The system allocator is possibly good for one off allocations where there's not a lot of reallocation going on.

1 Like

This might be a daft question, but did you run the Rust, C and C++ code with any optimisations enabled?

1 Like

Can you post the test code? It's surprising that Rust is slower than klib
here.

Sure. The C/C++ code is the one from the authors blog https://attractivechaos.wordpress.com/2008/09/19/c-array-vs-c-vector built in VS2015 release mode.

The rust version, is a trivial loop, optimised and bench'ed

 #[bench]
fn preallocated(b: &mut Bencher) {
    b.iter(|| {
        for _j in 0..10 {
            let mut v = Vec::with_capacity(20000000);
            for i in 0..20000000 {
                v.push(i);
            }
        }
    });
}

#[bench]
fn dynamic(b: &mut Bencher) {
    b.iter(|| {
        for _j in 0..10 {
            let mut v = Vec::new();
            for i in 0..20000000 {
                v.push(i);
            }
        }
    });
}

I had a quick look on godbolt at the assembly. Rust doesn't unroll the loops,(-O3 -target-cpu=native) whereas MSVC does 4x unroll. Would be curious to know if there's an option to unroll the loop to match?

Unrolling annotations are still missing. In the meantime you can add a compilation switch like:

-C llvm-args='-unroll-threshold=1000'

3 Likes

Oddly this didn;t make a difference to the generated code on 1.24. Maybe someone else has different result on godbolt?

I know this isn't exactly what you're testing, but if you want to see some cool assembly, try this instead:

#[bench]
fn dynamic(b: &mut Bencher) {
    b.iter(|| {
        for _j in 0..10 {
            let mut v = Vec::new();
            v.extend(0..20000000);
        }
    });
}
1 Like

I have to admit that was quite cool.
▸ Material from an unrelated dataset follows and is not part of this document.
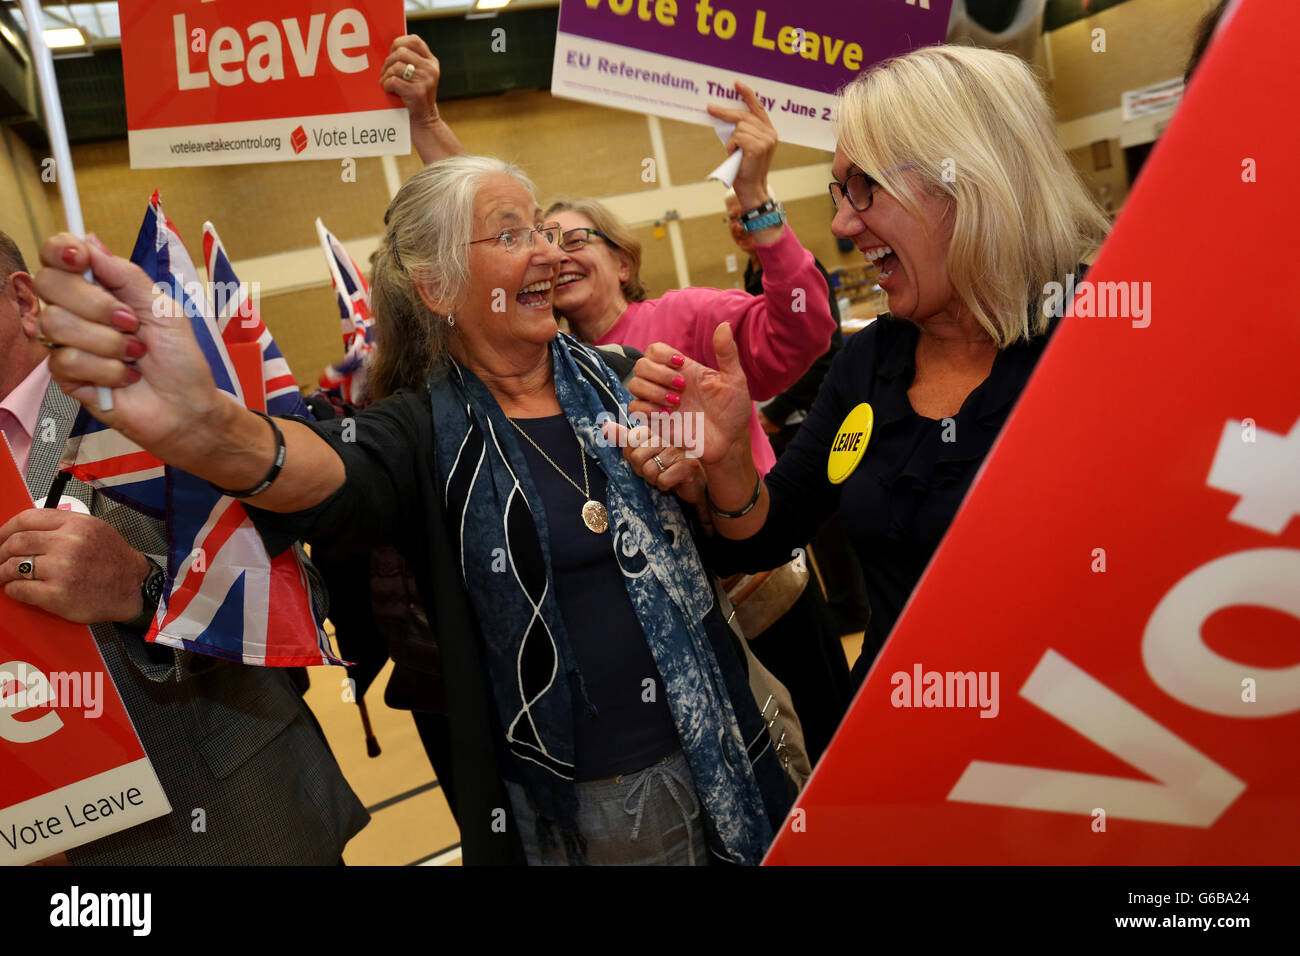 Bognor Regis, RU. 24 de junio de 2016. EU Referendum - En la foto está el referéndum sobre la UE Resultado de recuento por Arun (incluyendo Bognor Regis) en el centro de ocio de Arun, West Sussex, Reino Unido. Dejar gana con 62,5% contra 37,5% de permanecer. Viernes 24 de junio de 2016. Crédito: Sam Stephenson / Alamy Live News. 24/06/16 Crédito: Sam Stephenson/Alamy Live News Foto de stock

I wonder why in this case it utilises the larger ymm registers, and unrolls, but in the simpler original case it doesn't do either. Is this a possible area of optimisation in the compiler?

It likely uses the vector registers because the loop is unrolled. Like inlining for functions, unrolling is the "gateway" optimization for loops.

extend() has a specialization for a TrustedLen iterator - it ensures the vec has just enough capacity to store the entire iterator, and then has a simple raw ptr based loop that copies elements into it.

The push based loop, on the other hand, ends up with a lot more code in the loop body, including at least one guaranteed-opaque function: RawVec::double. This function is explicitly marked #[inline(never)]. Compilers will typically not optimize around these because they can no longer reason about their effects.

5 Likes